▸ Information provided:
________________

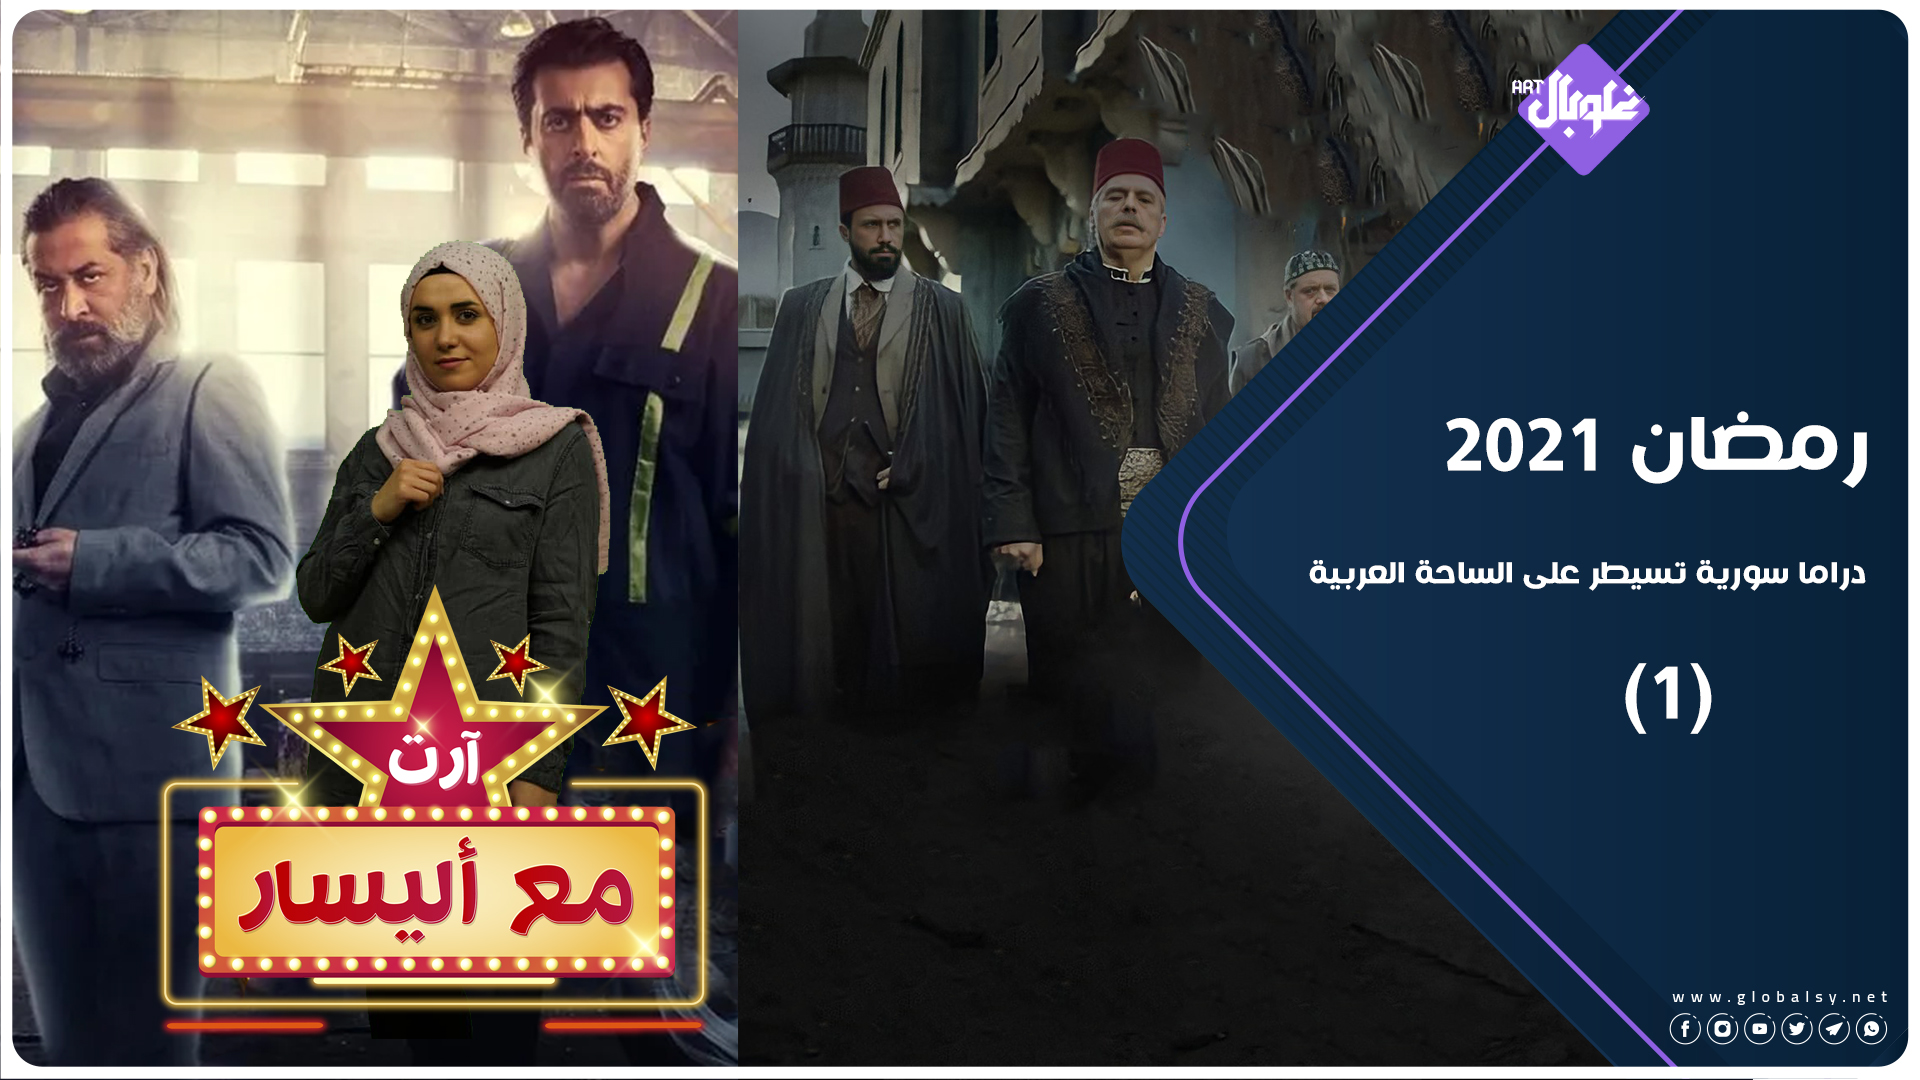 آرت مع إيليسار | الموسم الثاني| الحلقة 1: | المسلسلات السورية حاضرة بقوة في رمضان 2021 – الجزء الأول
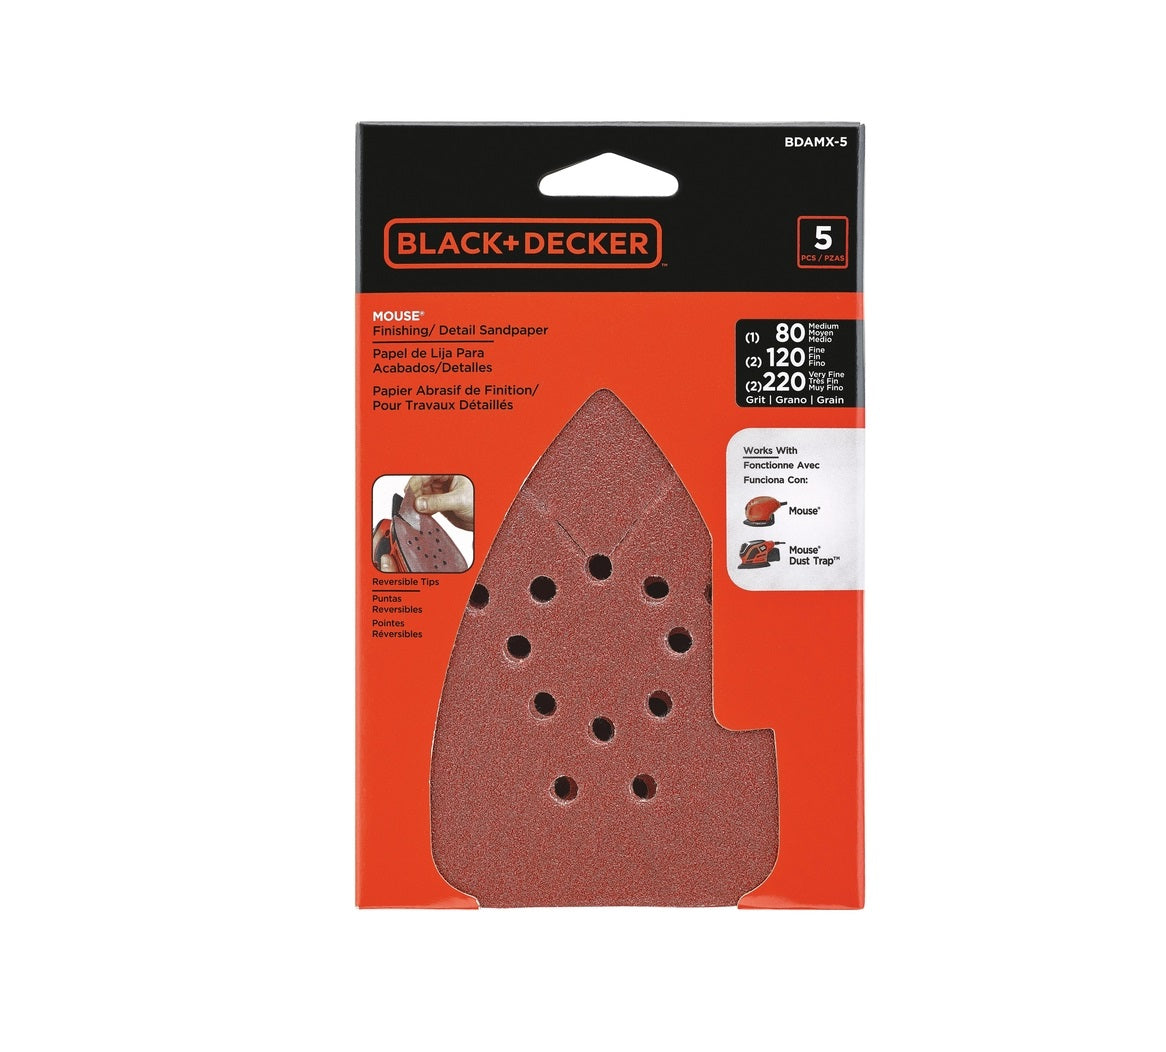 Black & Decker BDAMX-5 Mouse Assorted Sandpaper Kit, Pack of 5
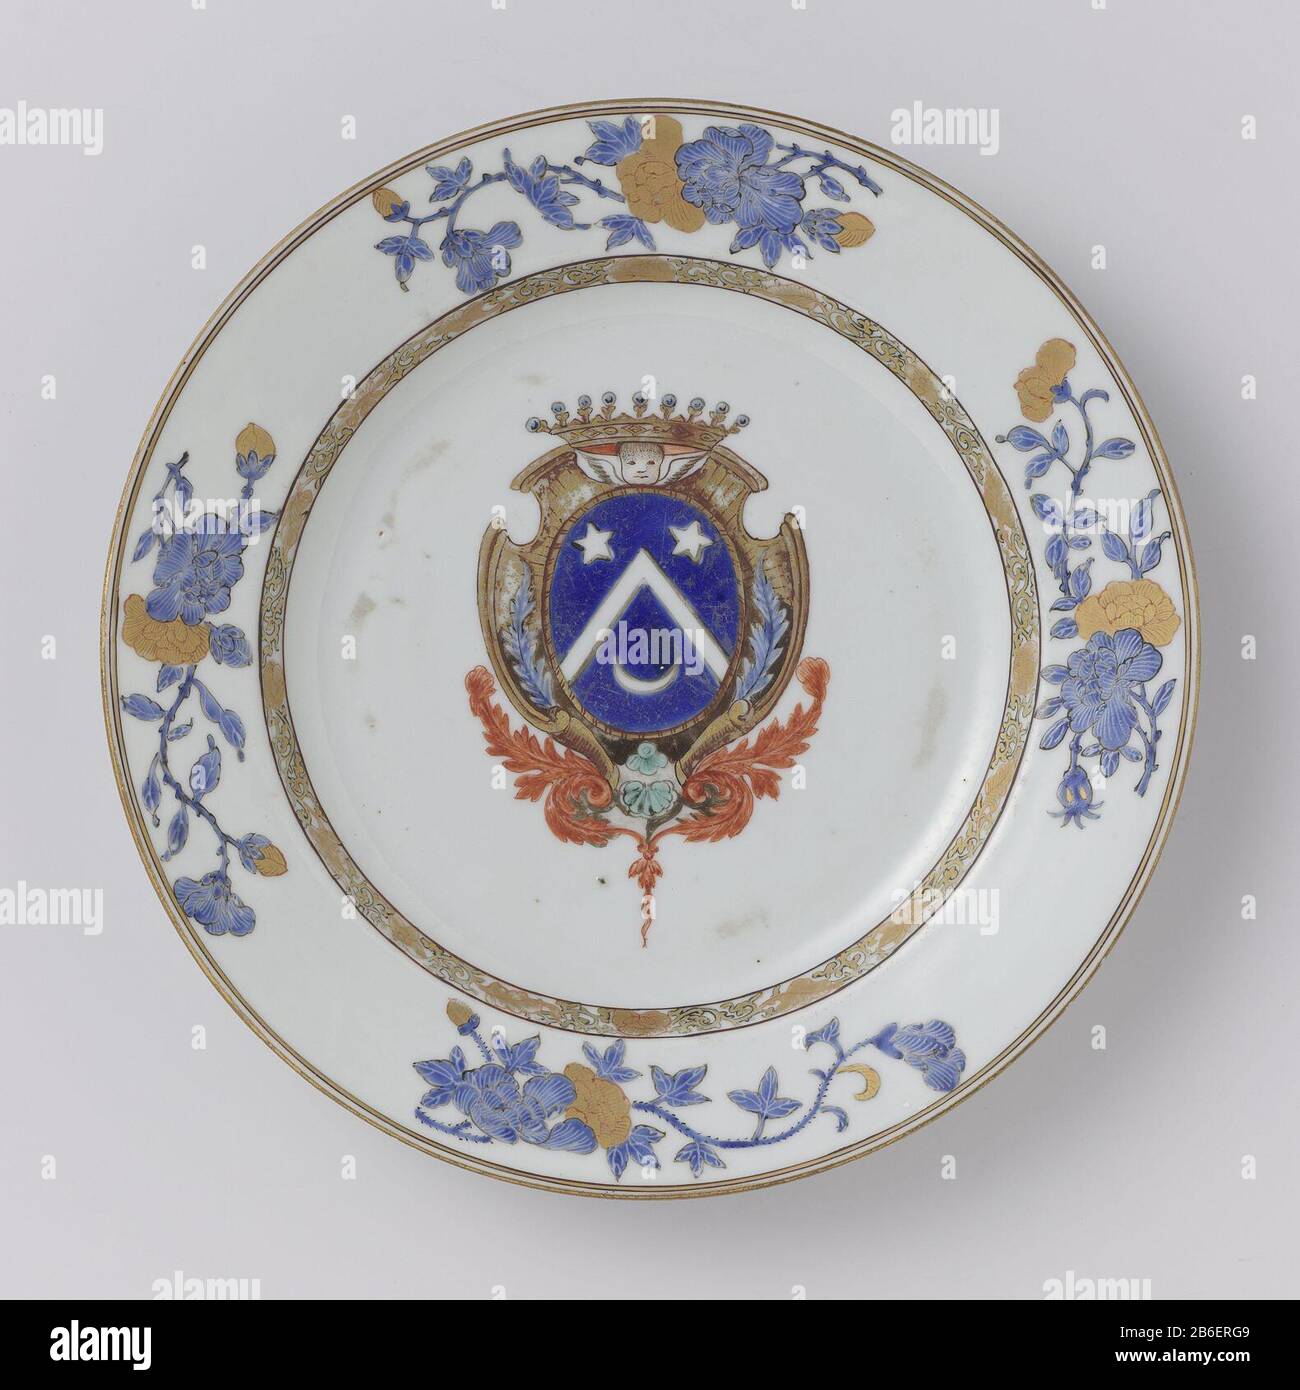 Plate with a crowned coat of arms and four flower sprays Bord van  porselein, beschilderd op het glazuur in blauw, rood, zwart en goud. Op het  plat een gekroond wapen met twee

________________

▸ Exercise brief: With the pictures left out, give again exactly the lines from the one with "Black & Decker" through the end of the data, both included.

▸ Answer box:
 Black & Decker BDAMX-5 Mouse Assorted Sandpaper Kit, Pack of 5
 Plate with a crowned coat of arms and four flower sprays Bord van  porselein, beschilderd op het glazuur in blauw, rood, zwart en goud. Op het  plat een gekroond wapen met twee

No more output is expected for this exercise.